Each line of the material must be reproduced exactly; pictures stay out.

- _Data block_:
>>
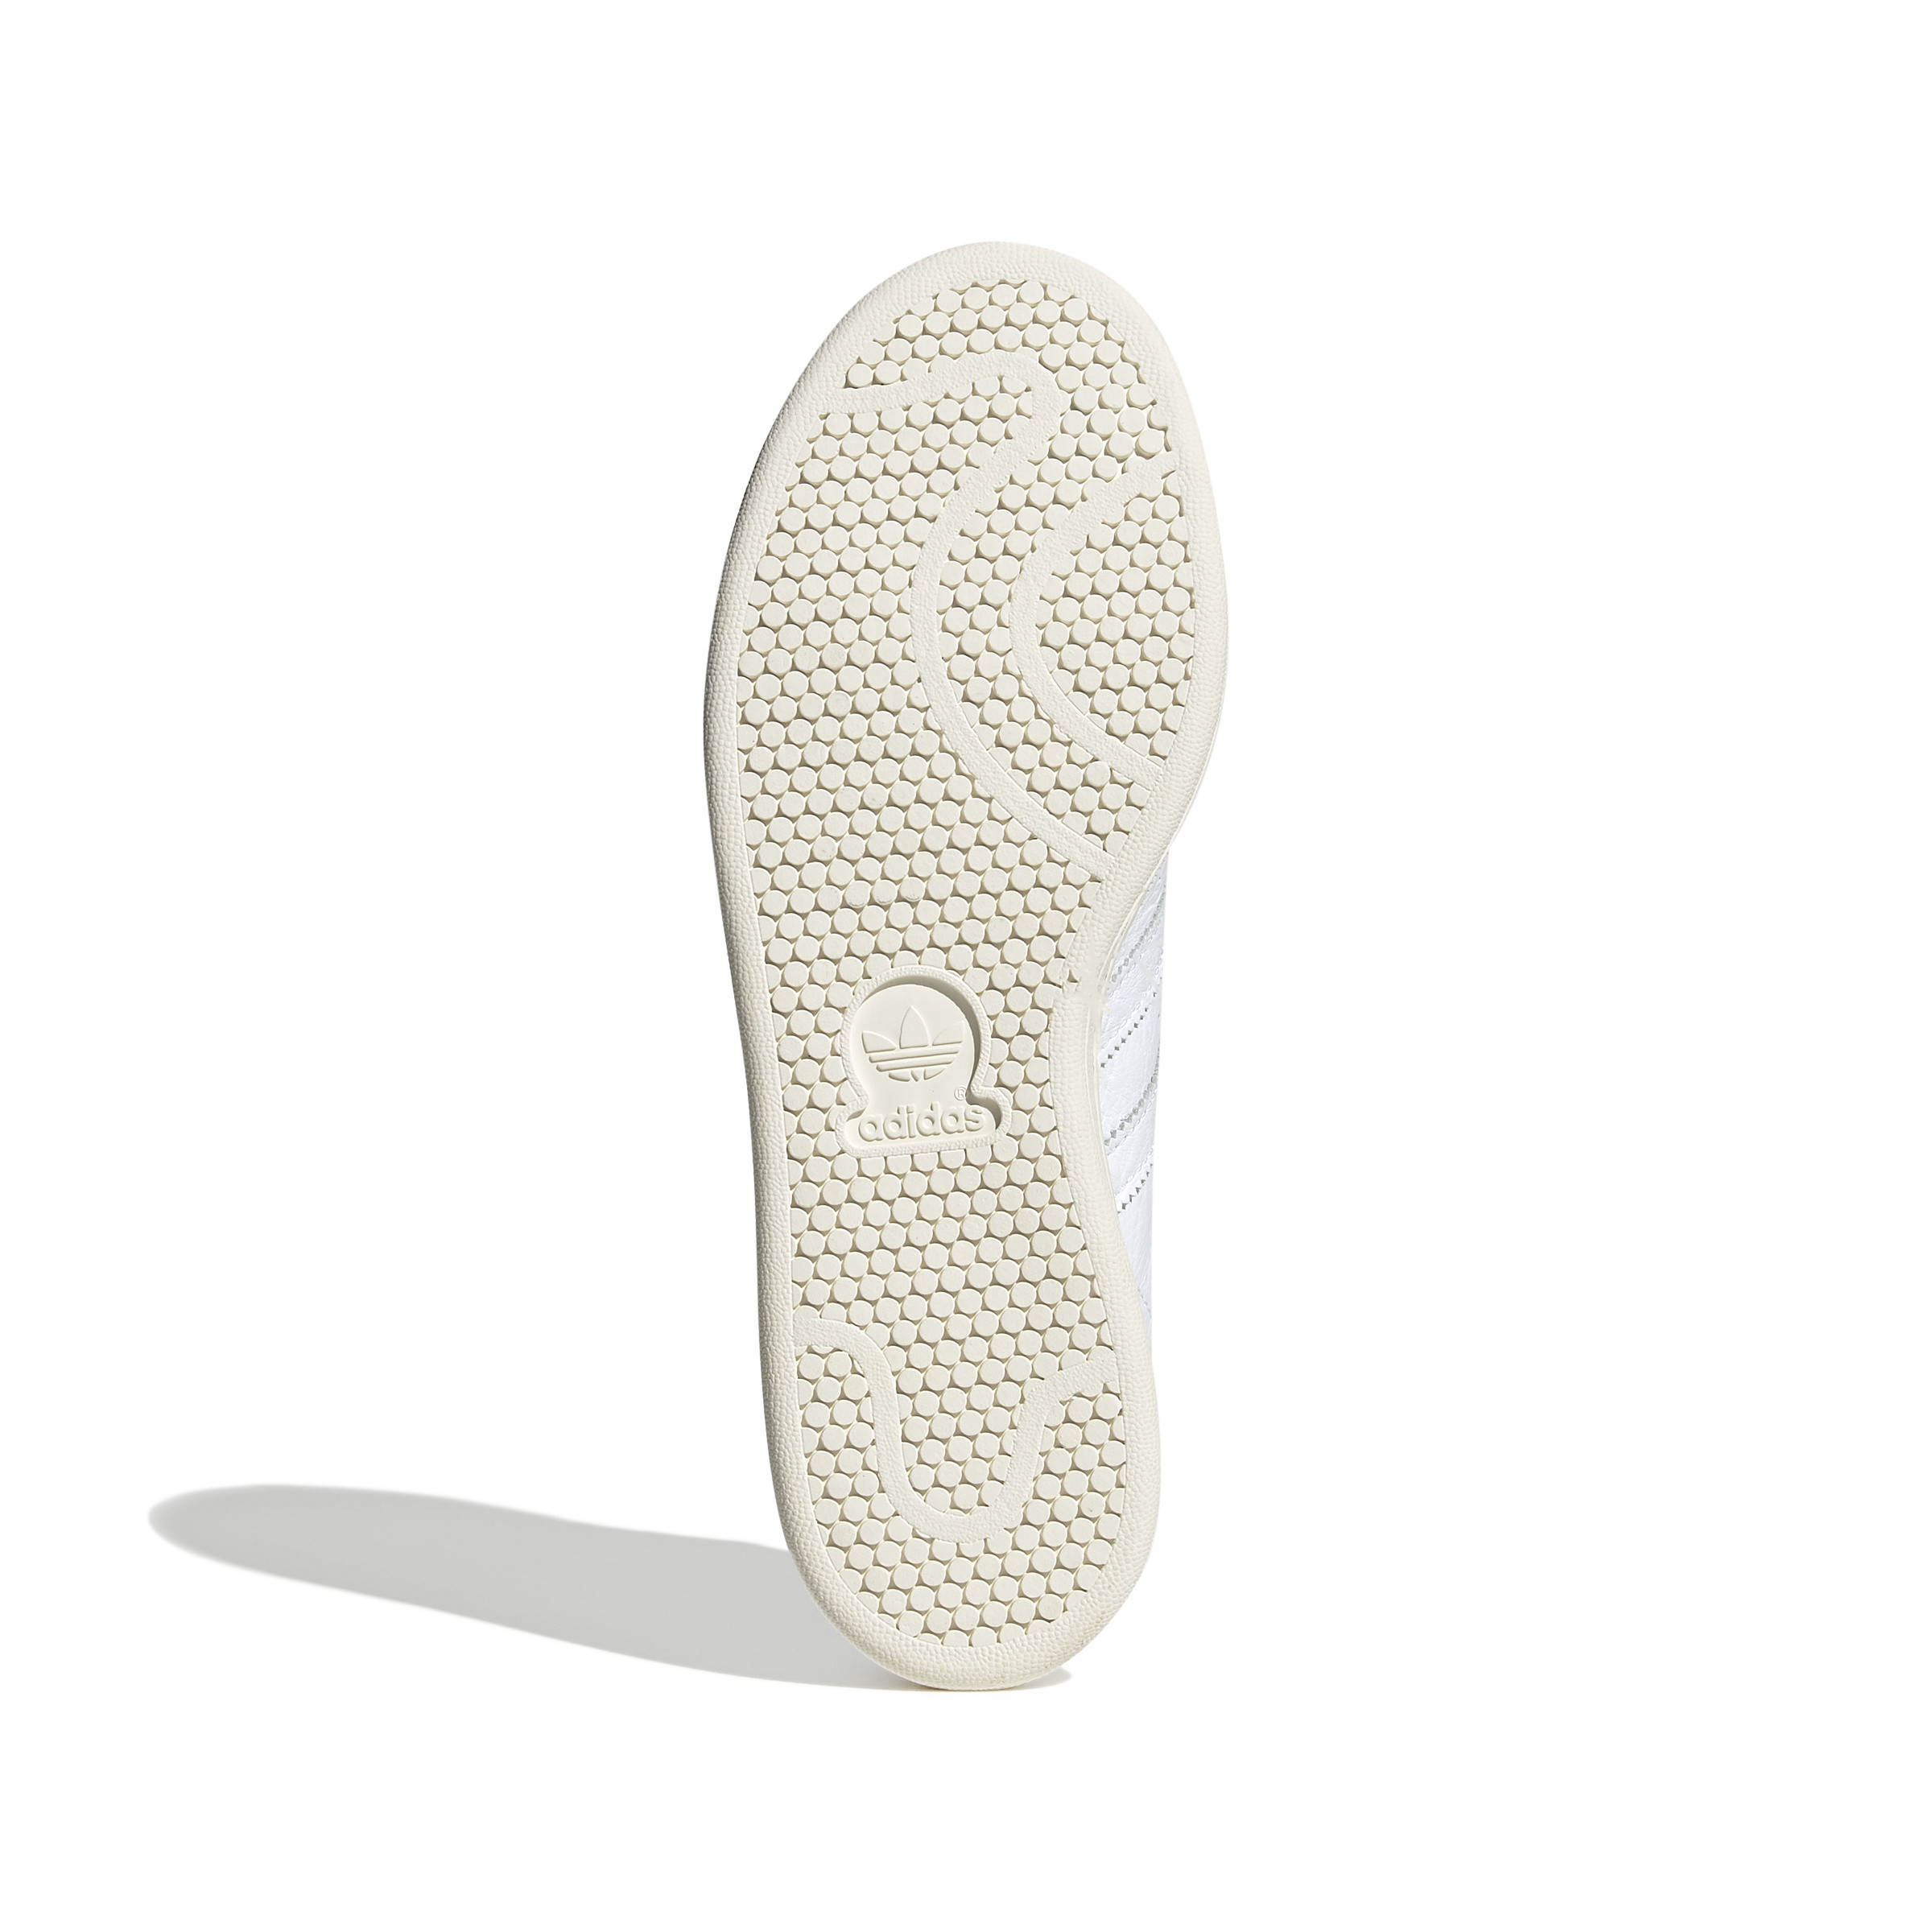 Adidas - Earlham Shoes, White, large image number 2
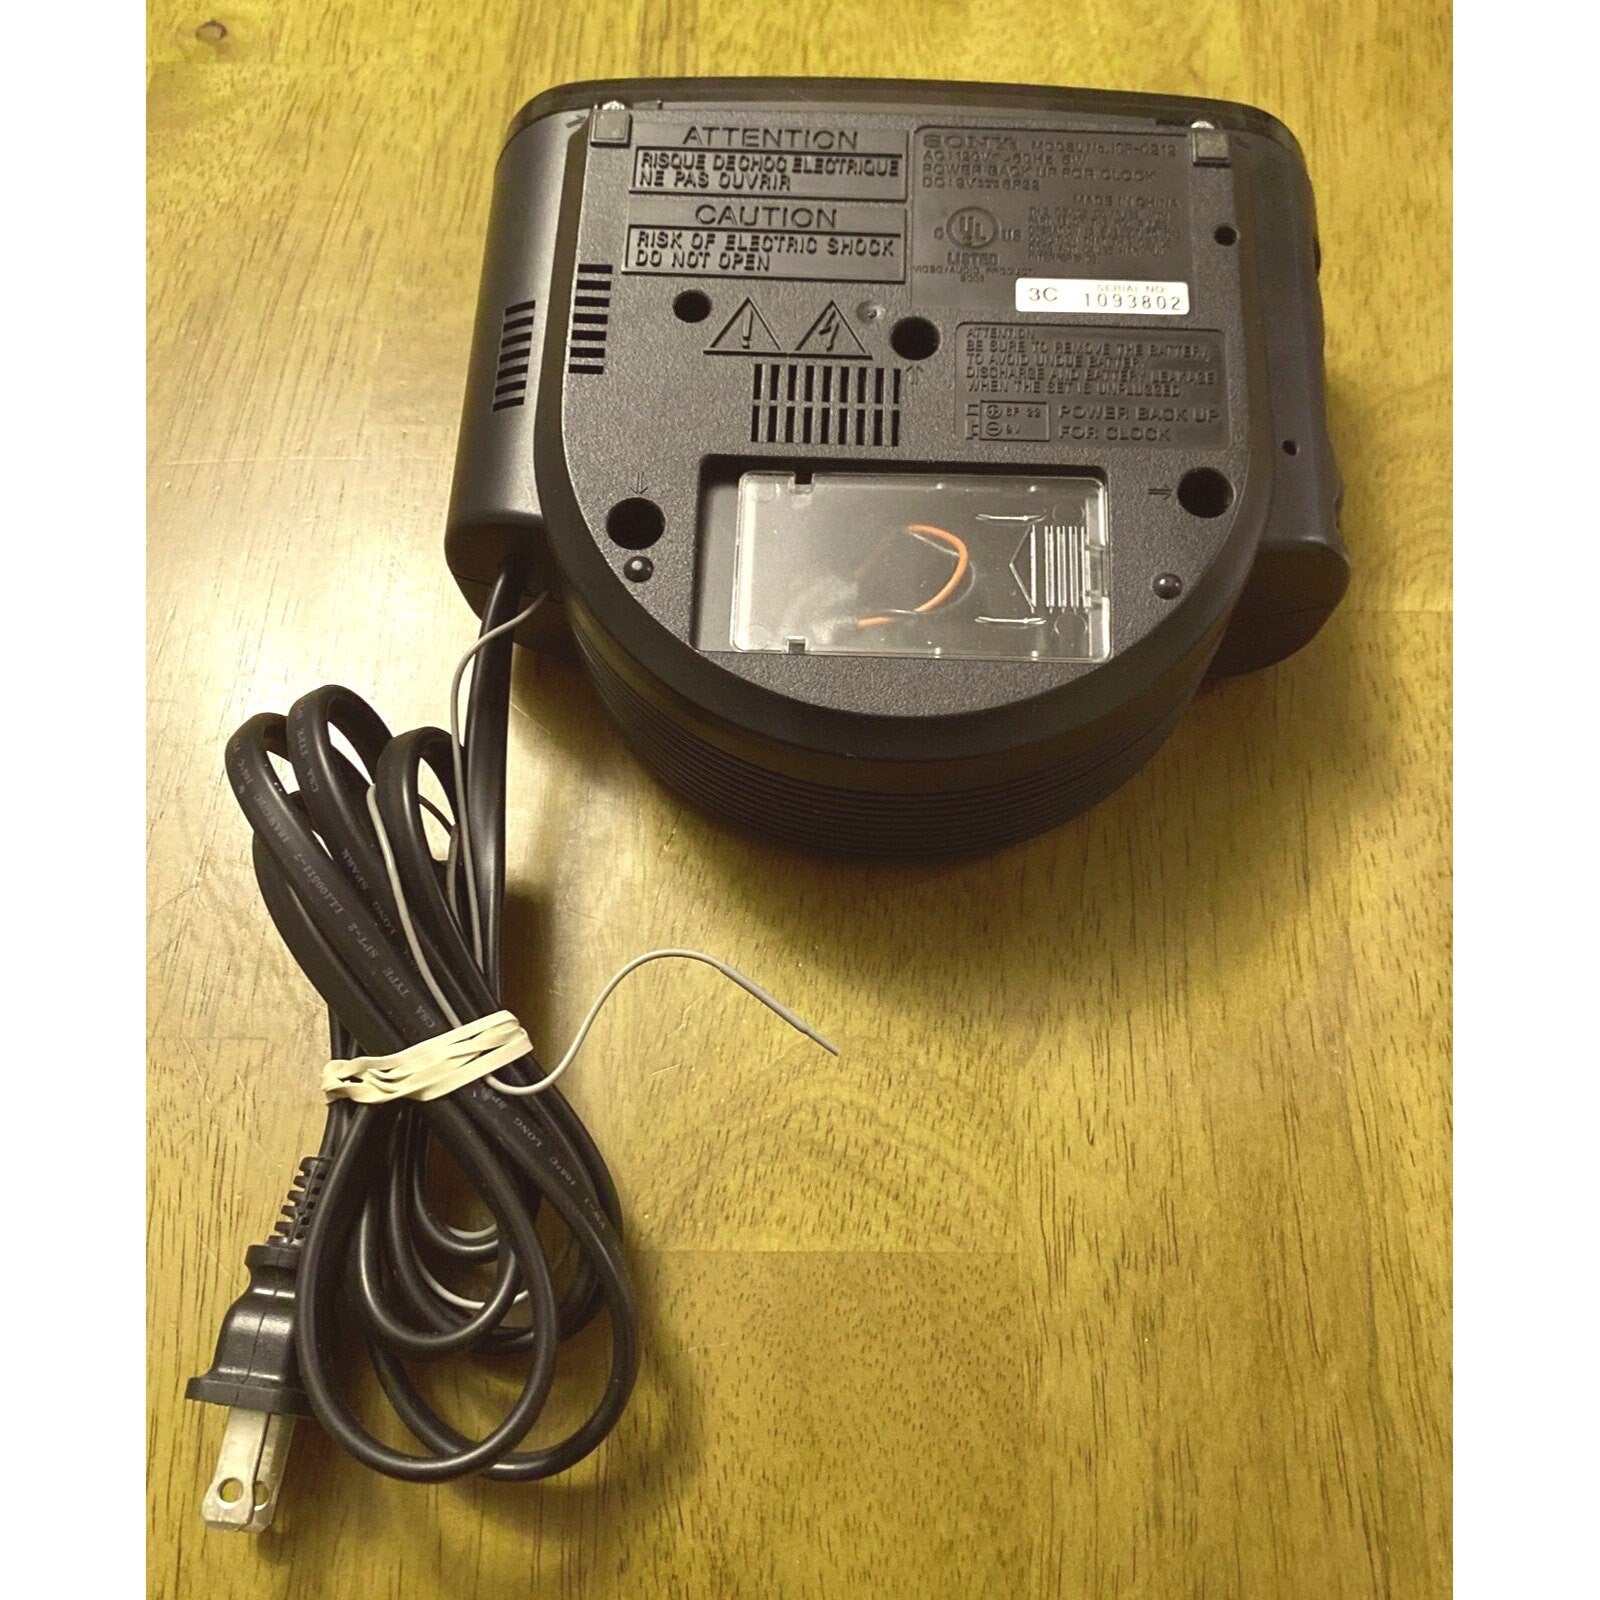 Sony Dream Machine ICF-C212 AM/FM Alarm Clock Radio, Battery Backup (Black)
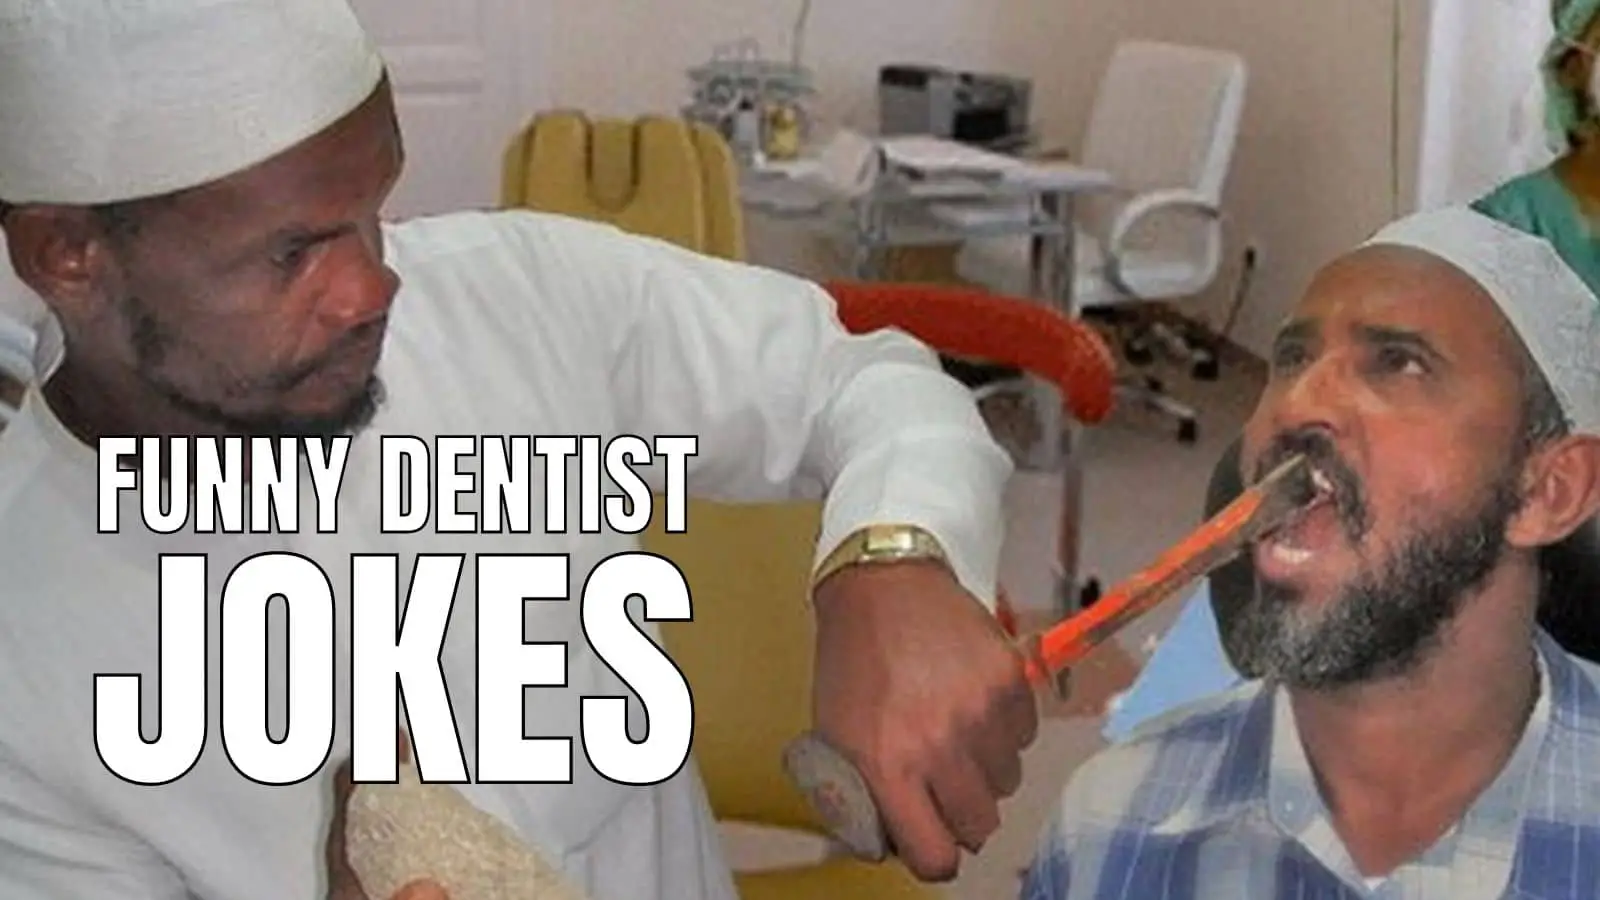 70 Funny Dentist Jokes To Get Your Fill Of Dental Humor Trending News
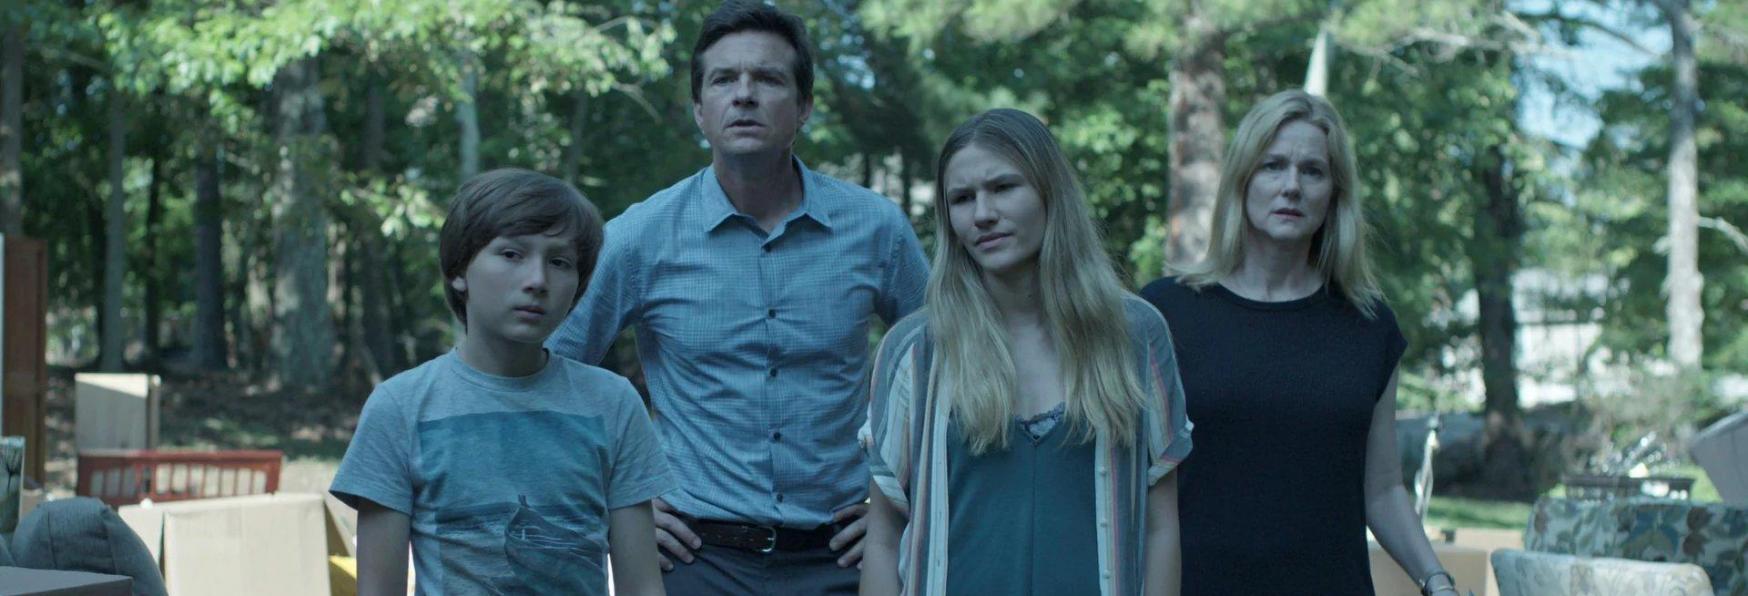 Ozark 4: Plot, Cast, Curiosity, Release Date and Trailer of the Netflix TV Series
<<
- _Worked solution_:
 Adidas - Earlham Shoes, White, large image number 2
 Sony Dream Machine ICF-C212 AM/FM Alarm Clock Radio, Battery Backup (Black)
 70 Funny Dentist Jokes To Get Your Fill Of Dental Humor Trending News
 Ozark 4: Plot, Cast, Curiosity, Release Date and Trailer of the Netflix TV Series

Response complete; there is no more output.